### WHAT TO WORK ON
Reproduce the listing that follows word for word, without its pictures.

### RAW DATA
###

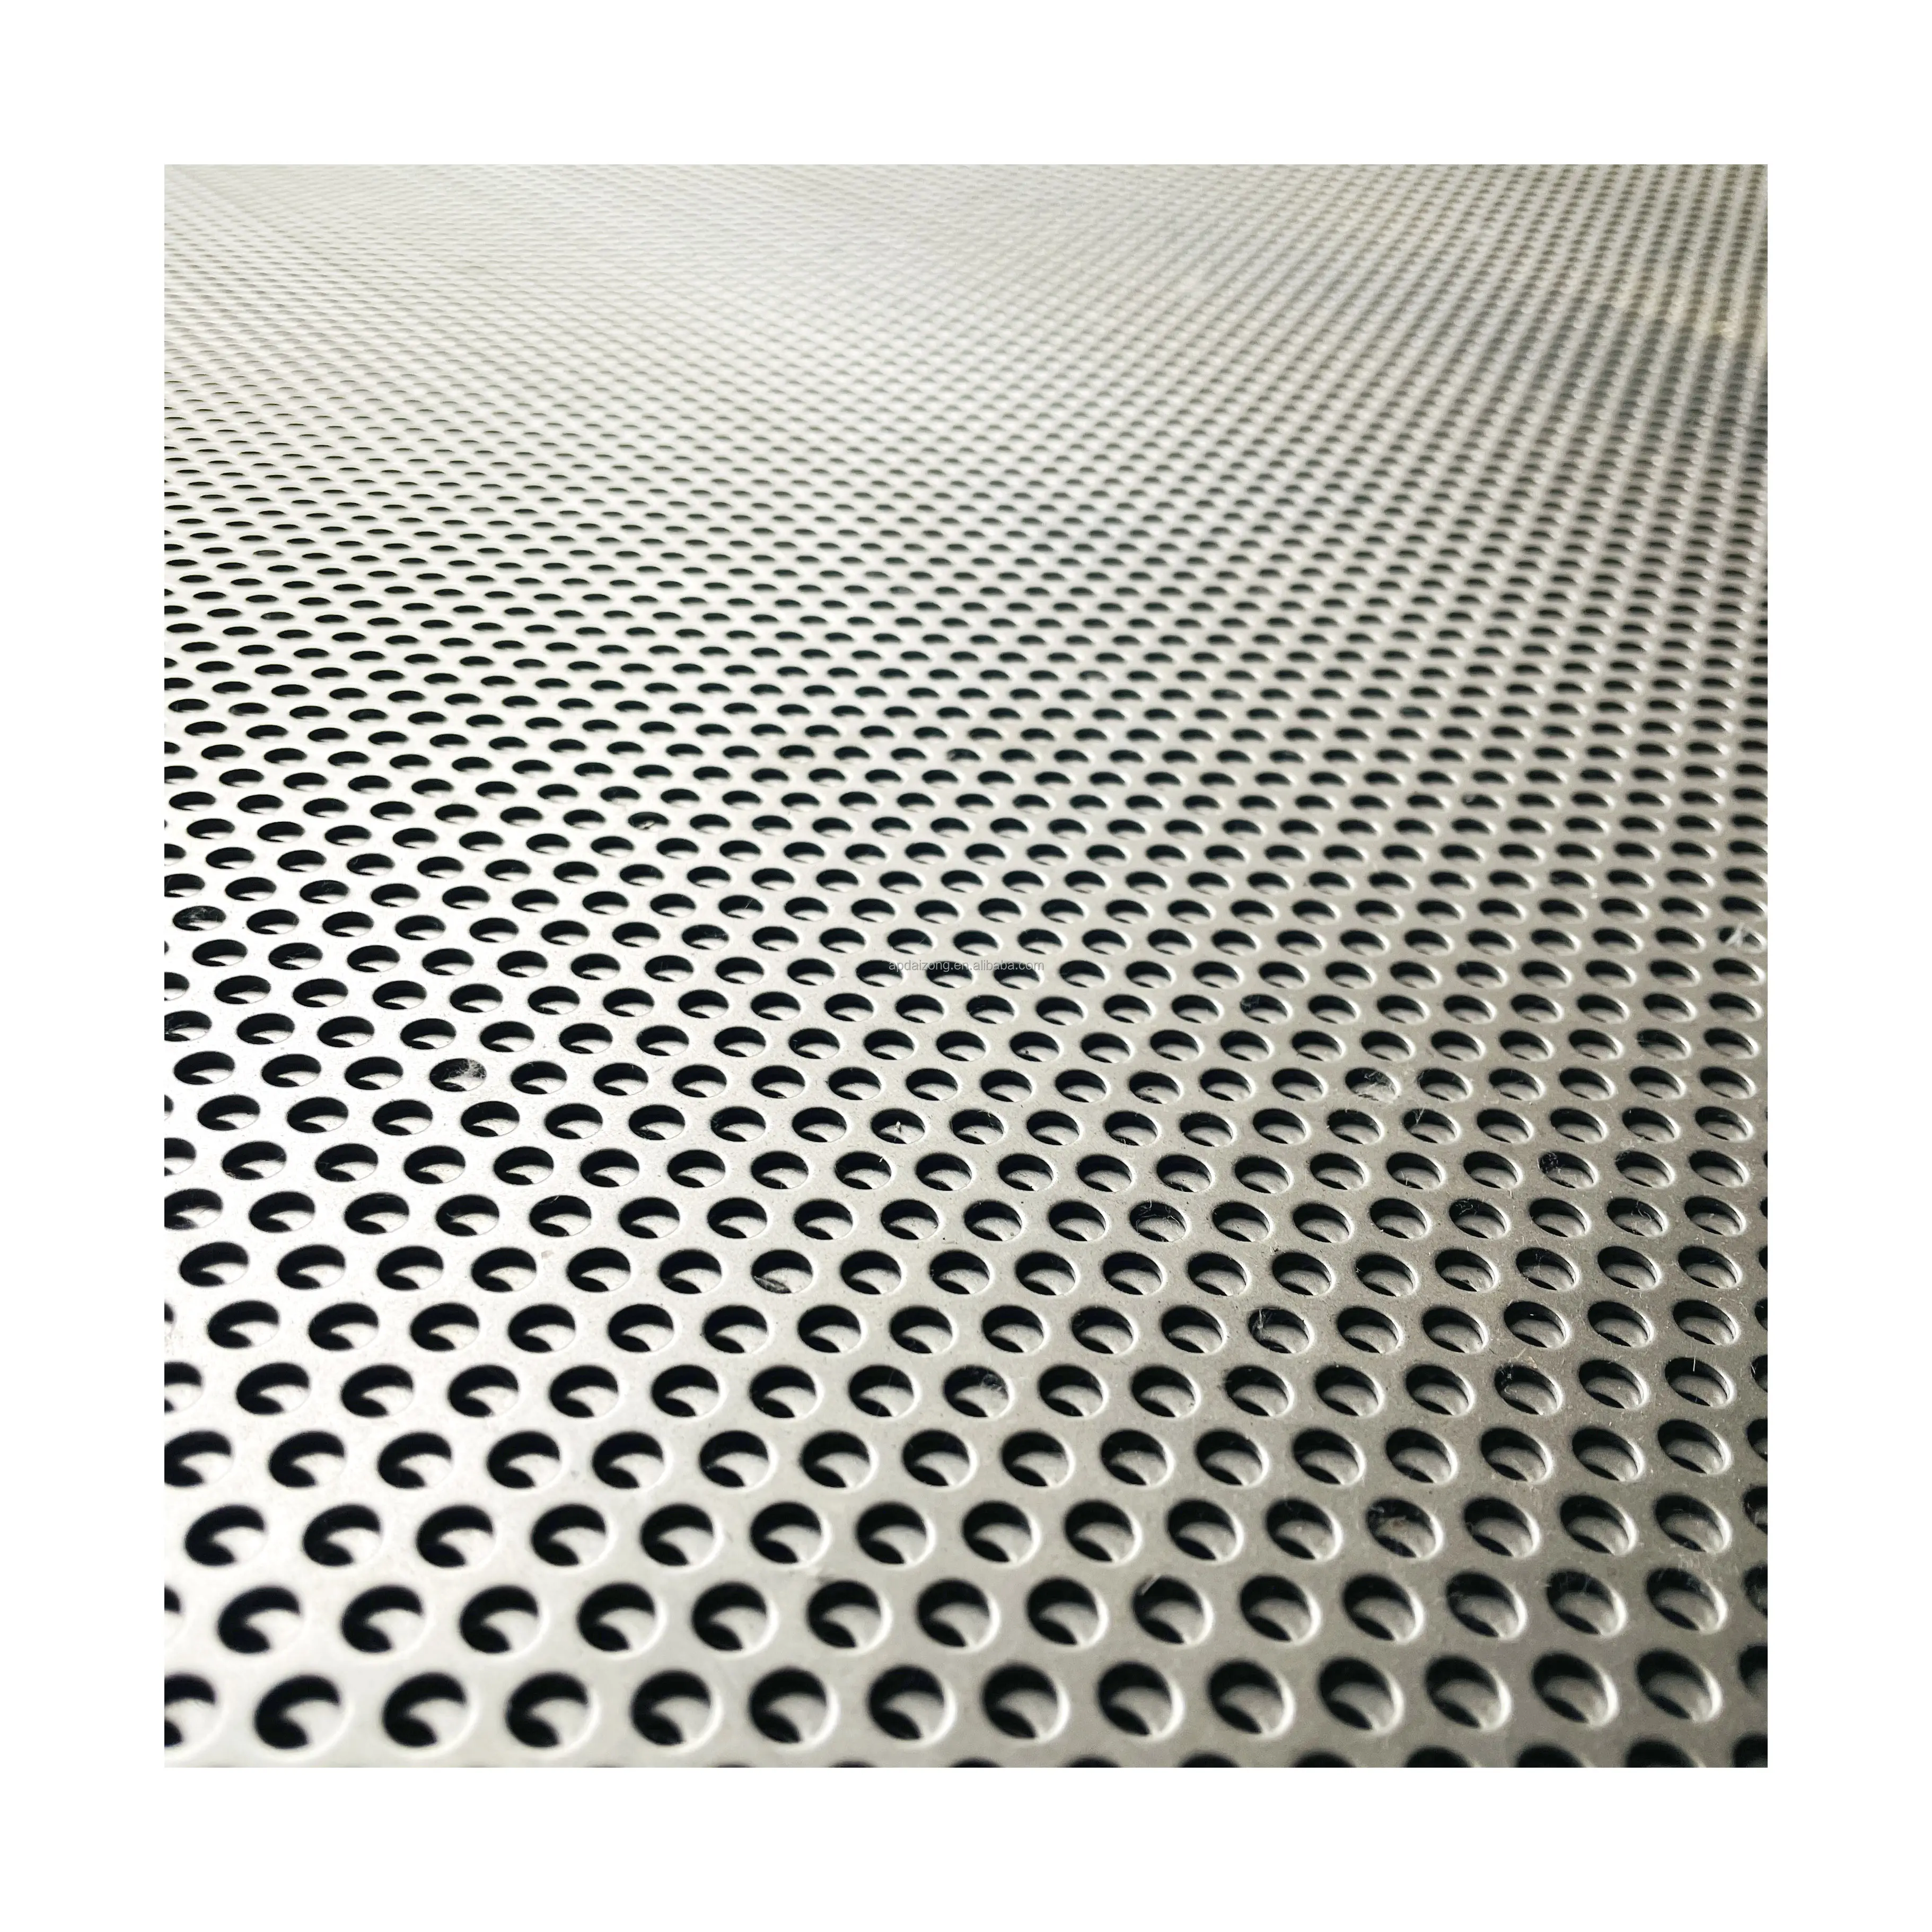 Malla perforada metálica de exportación caliente de China con varios tipos de agujeros Hojas de malla metálica perforada con
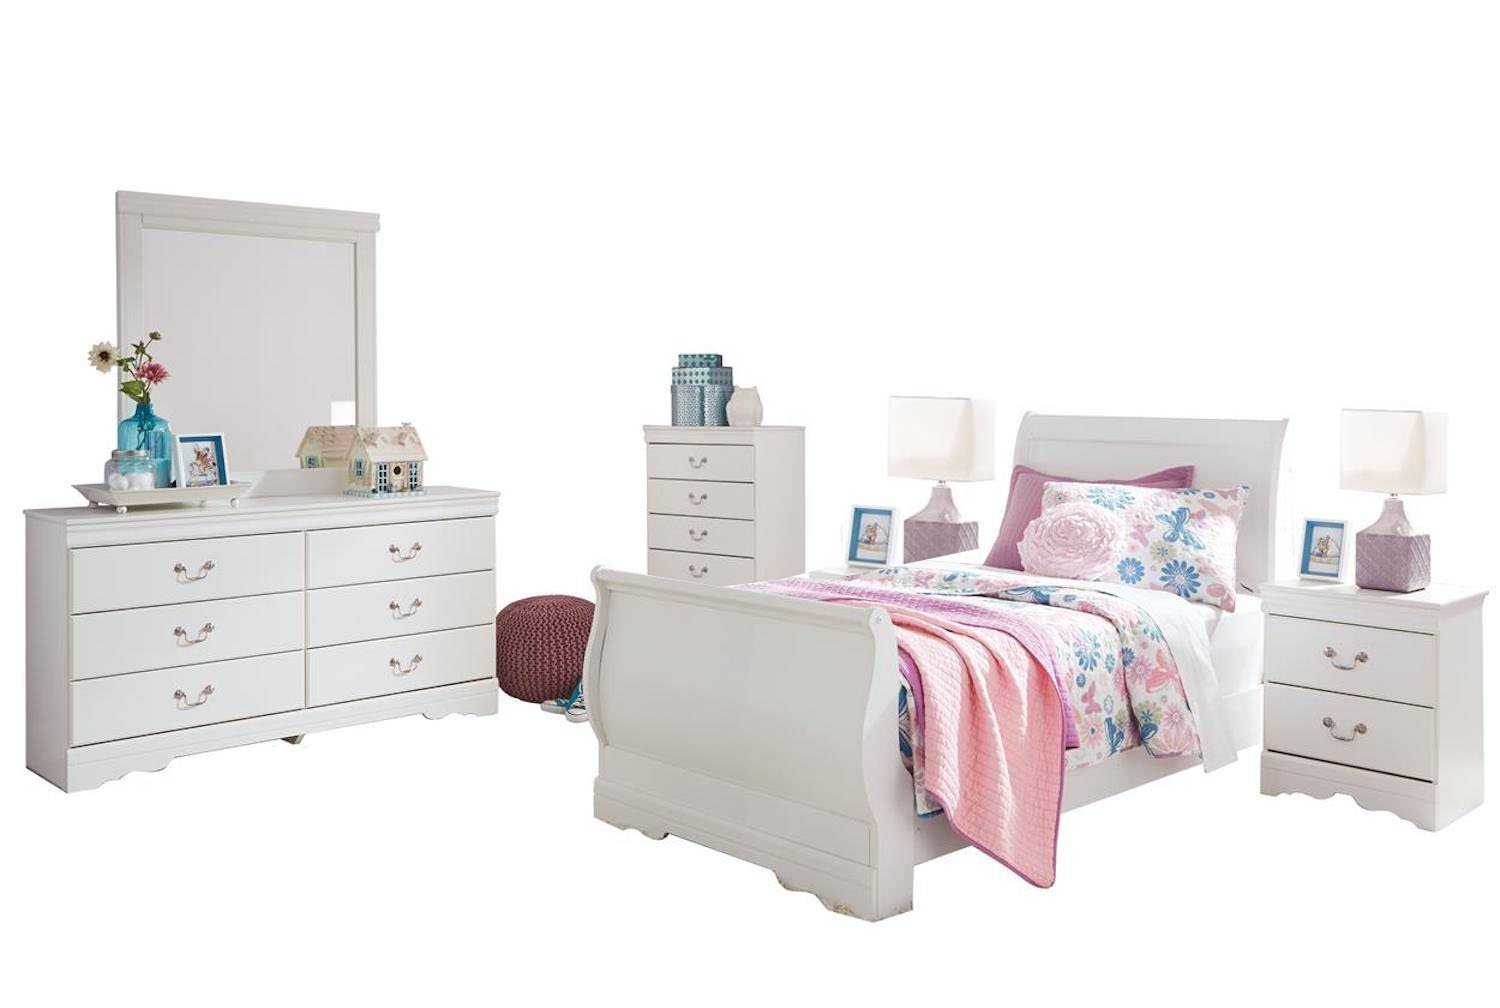 ashley furniture girl bedroom set
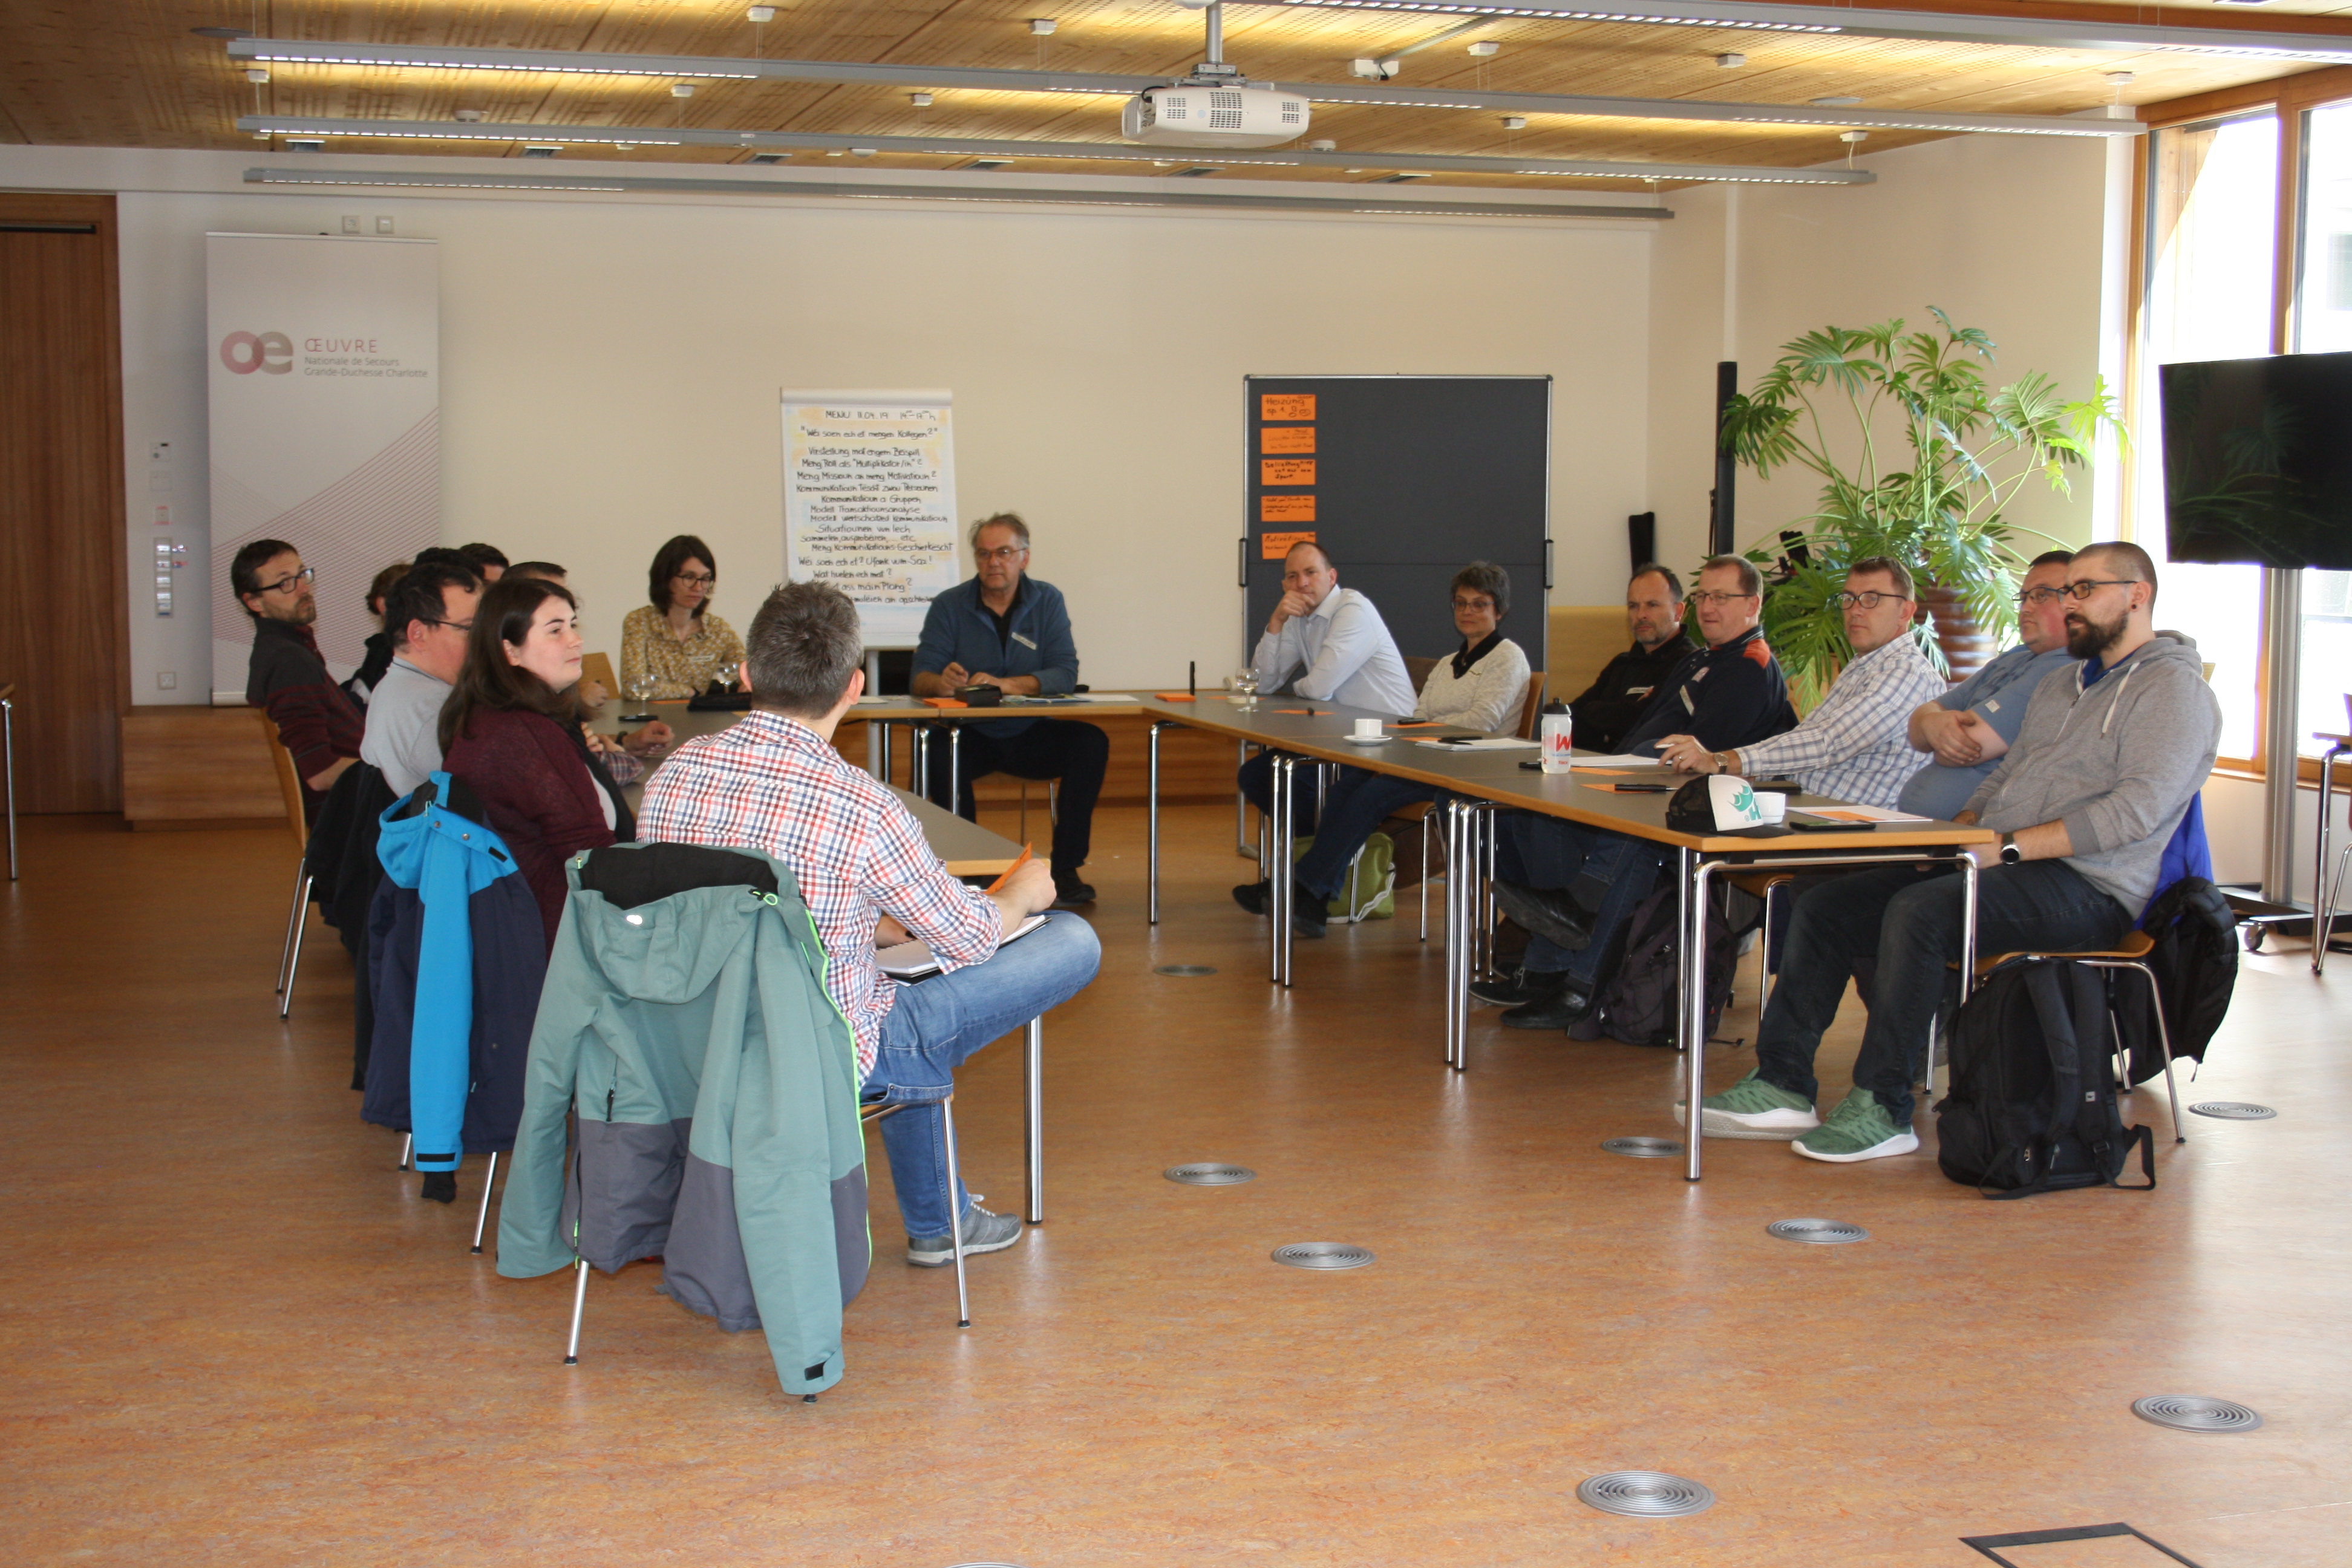 Énergie [light]: Workshop sur le thème de la communication face aux collègues dans le cadre de  l‘utilisation rationnelle de l’énergie

###

### EXERCISE ANSWER
 Malla perforada metálica de exportación caliente de China con varios tipos de agujeros Hojas de malla metálica perforada con
 ashley furniture girl bedroom set
 Énergie [light]: Workshop sur le thème de la communication face aux collègues dans le cadre de  l‘utilisation rationnelle de l’énergie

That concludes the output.